** Opening DATA EXCERPT block **
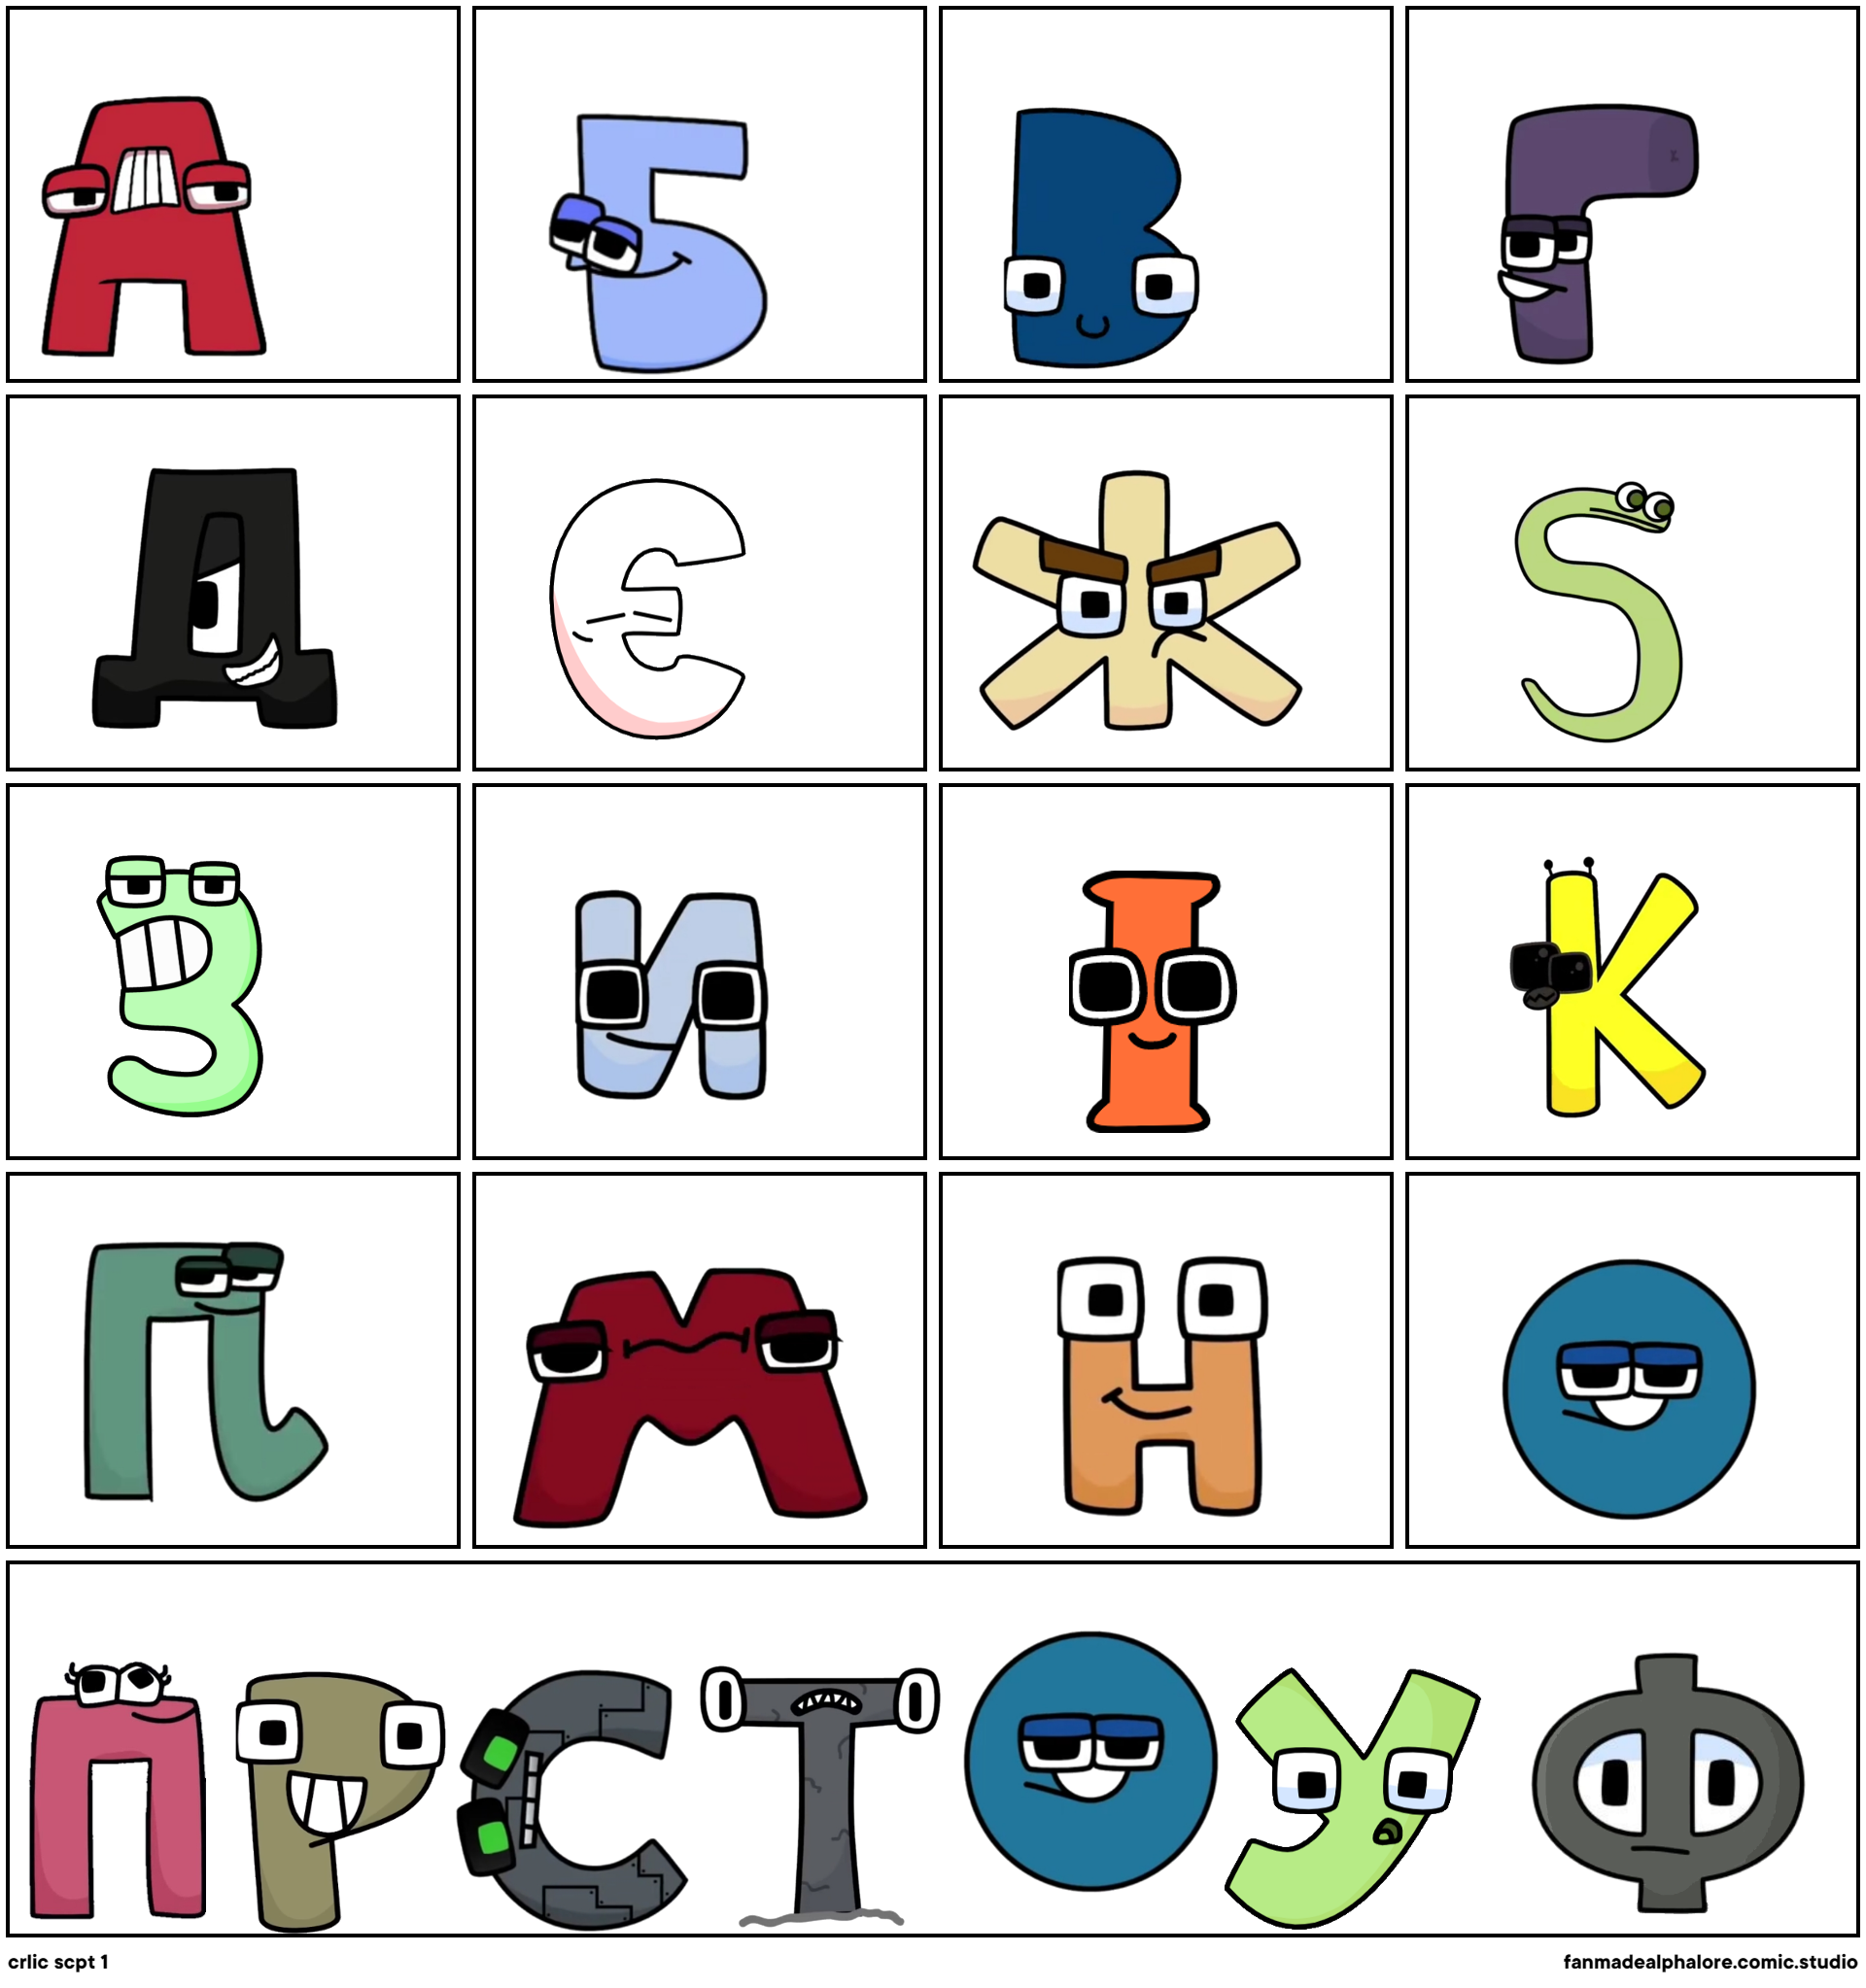 Ukrainian alphabet lore A-PE - Comic Studio
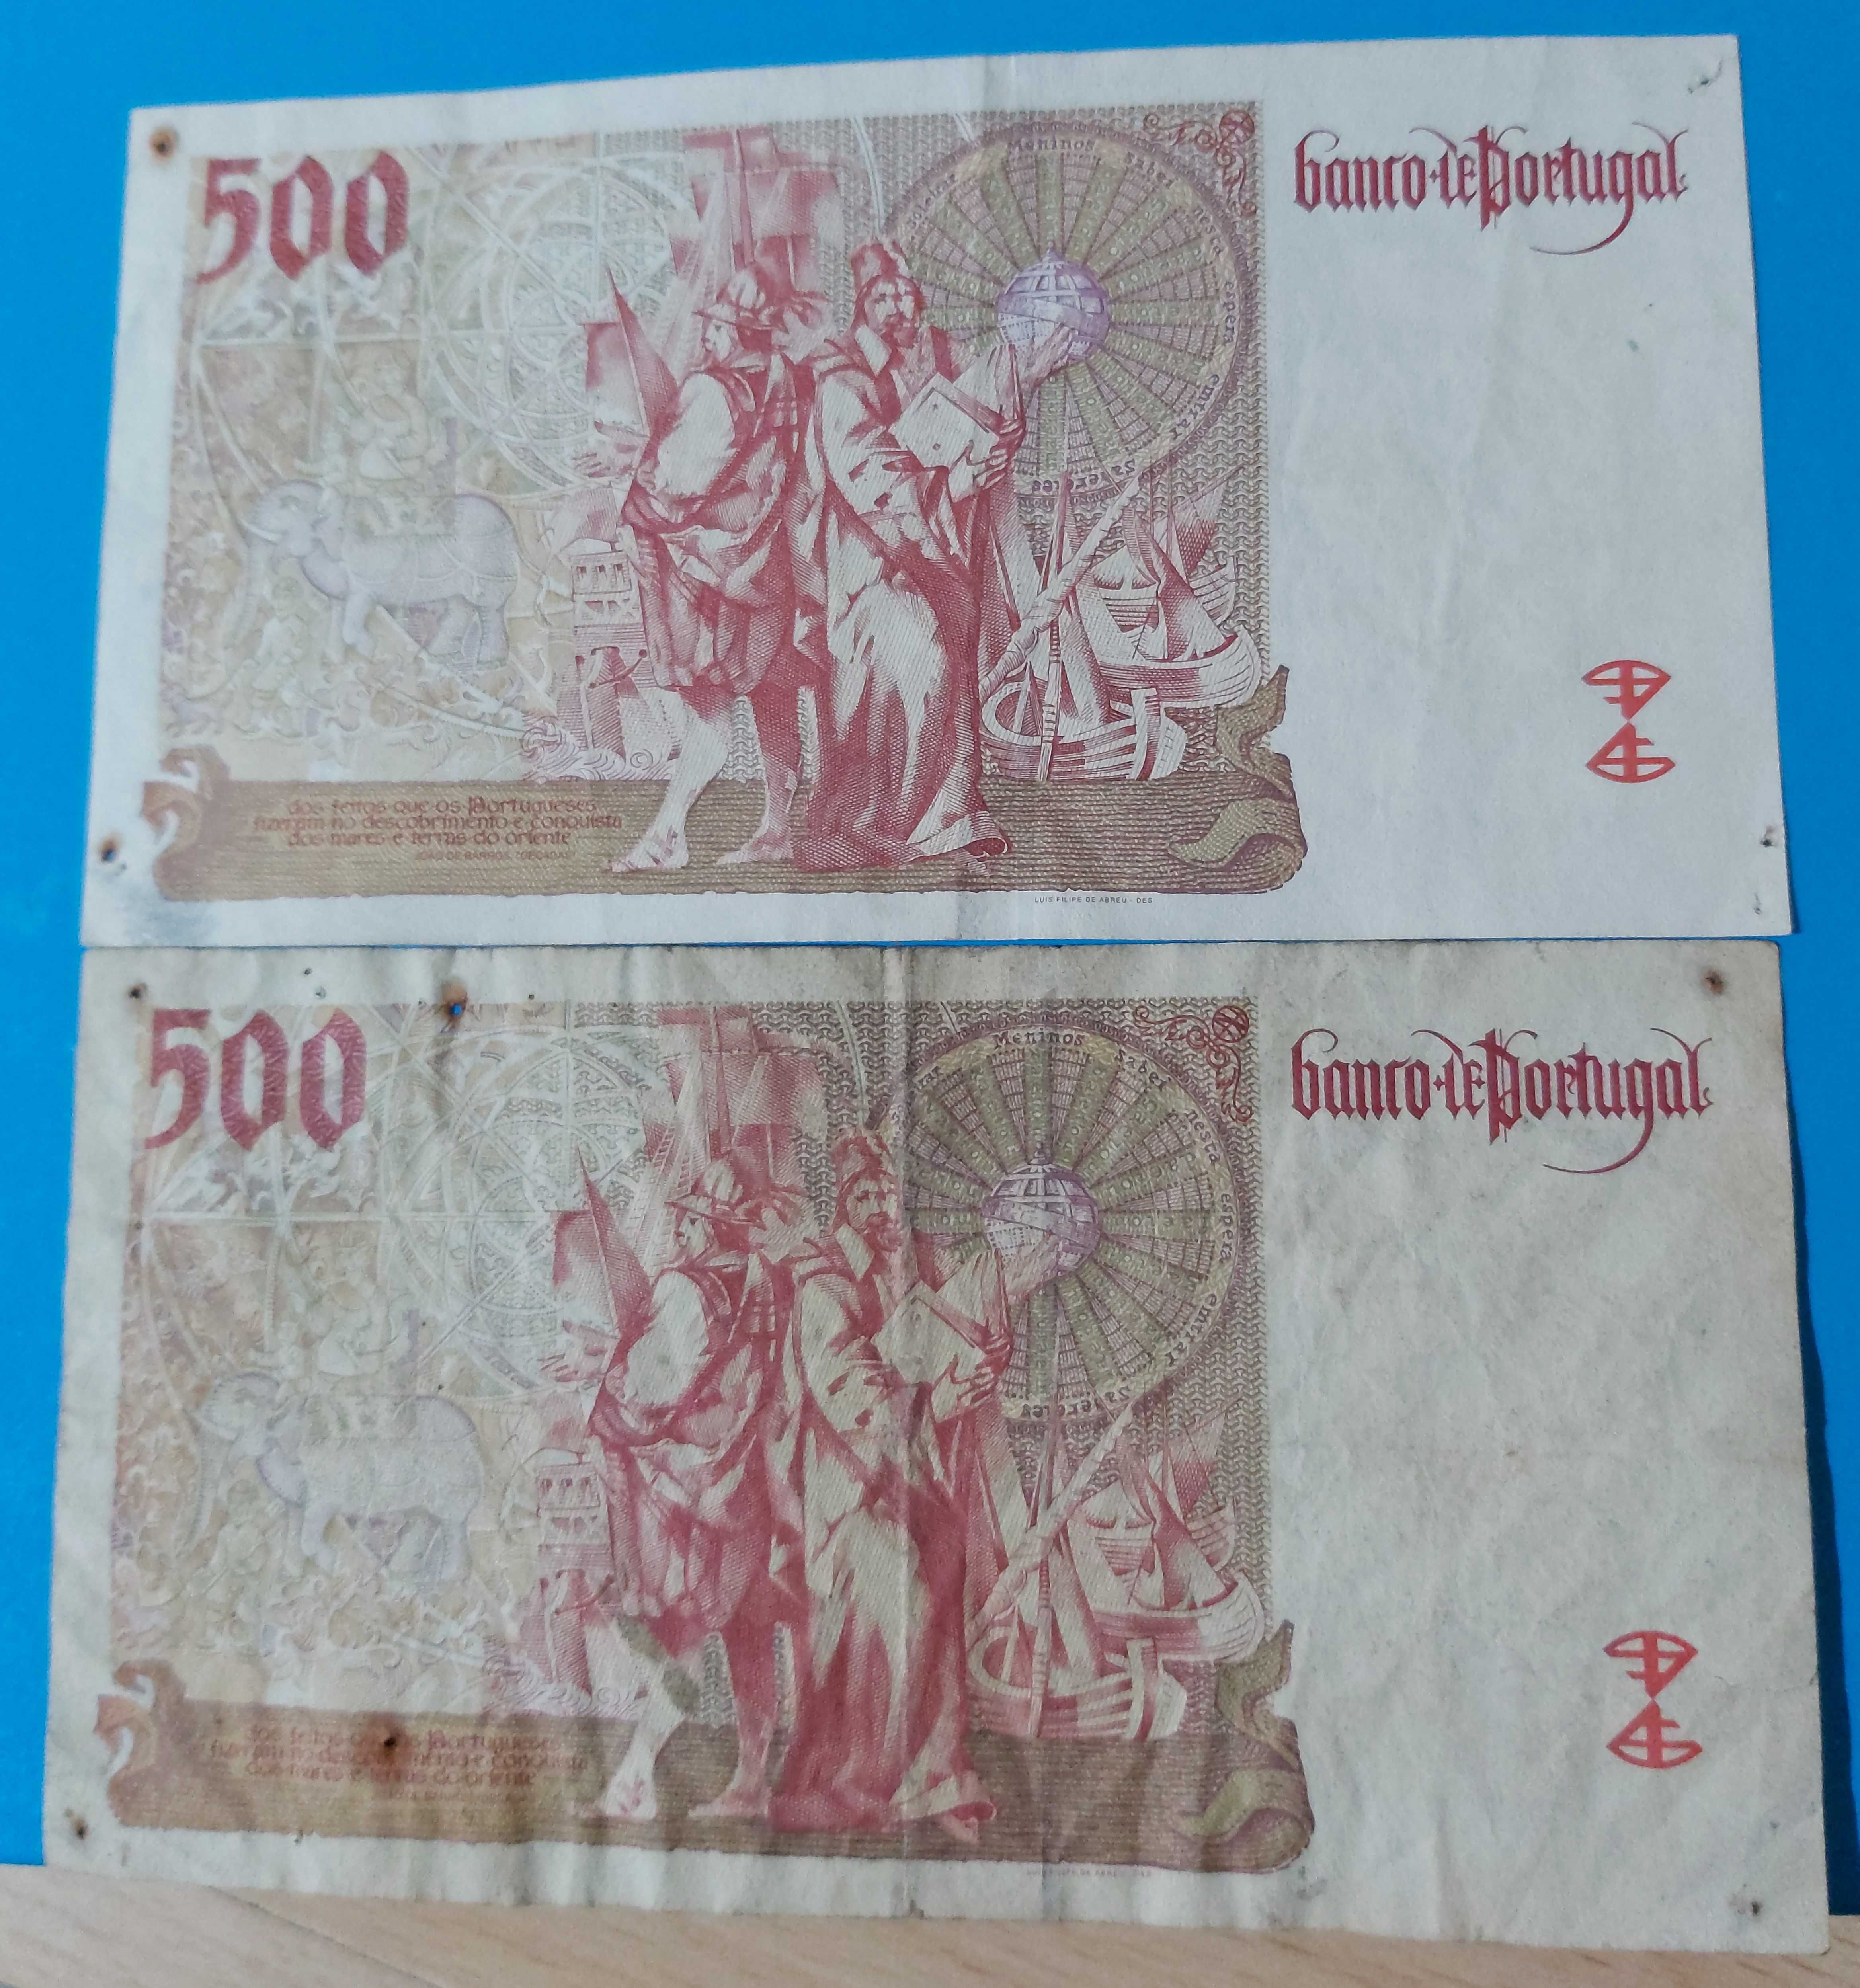 2 Notas de 500$00, CH 13, de João de Barros, 1997 e 2000
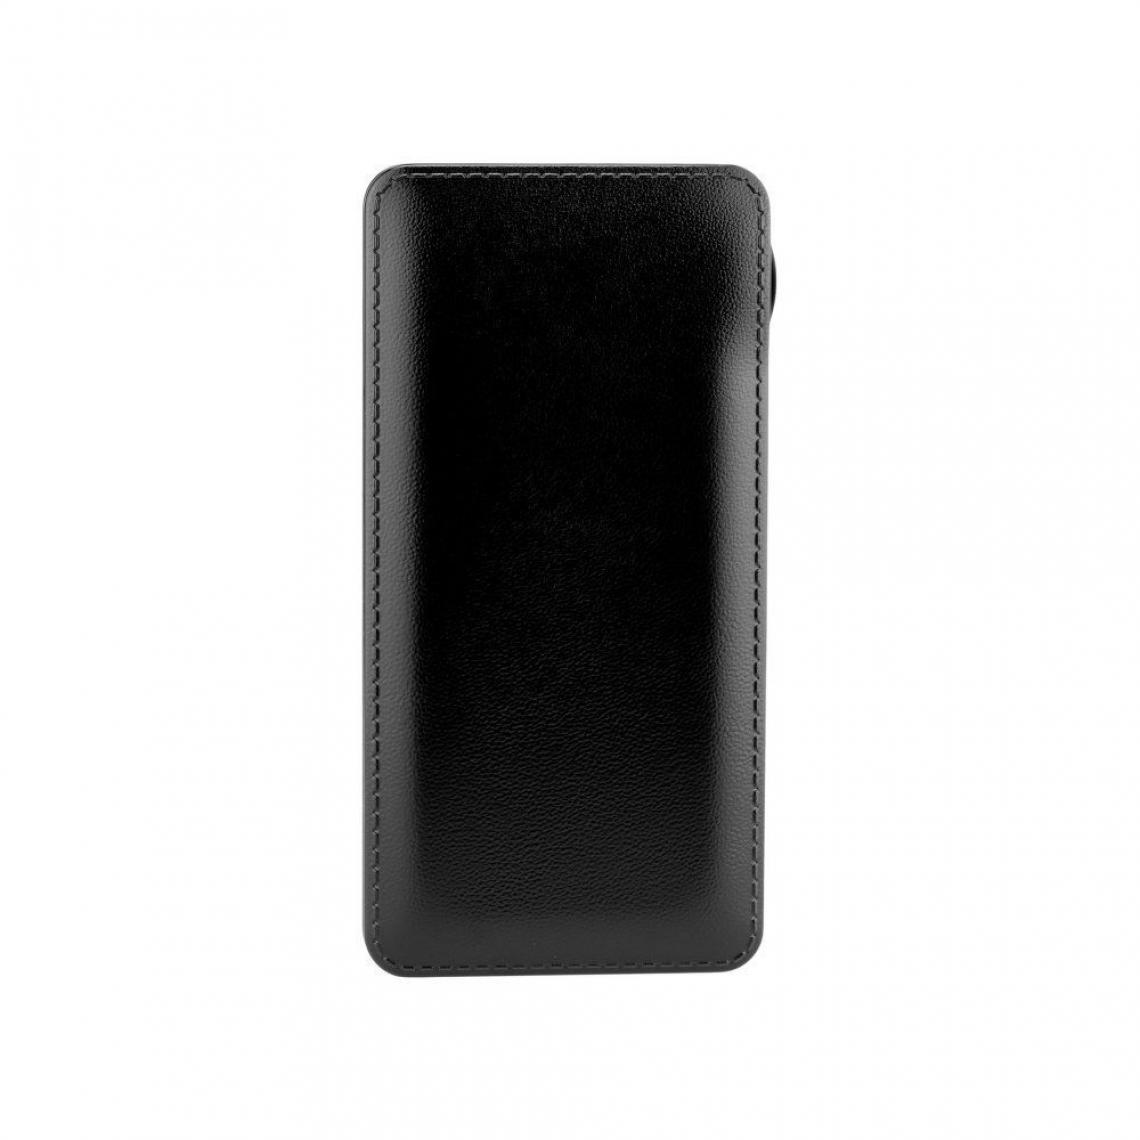 Ozzzo - Chargeur batterie externe 20000 mAh powerbank ozzzo noir pour Nokia 8110 4G - Autres accessoires smartphone
** Closing DATA EXCERPT block **
ABOUT THIS TASK:
The required output is each line above restated verbatim, with all images omitted.

SOLUTION FOR THIS PROBLEM:
 Ukrainian alphabet lore A-PE - Comic Studio
 2 Notas de 500$00, CH 13, de João de Barros, 1997 e 2000
 Ozzzo - Chargeur batterie externe 20000 mAh powerbank ozzzo noir pour Nokia 8110 4G - Autres accessoires smartphone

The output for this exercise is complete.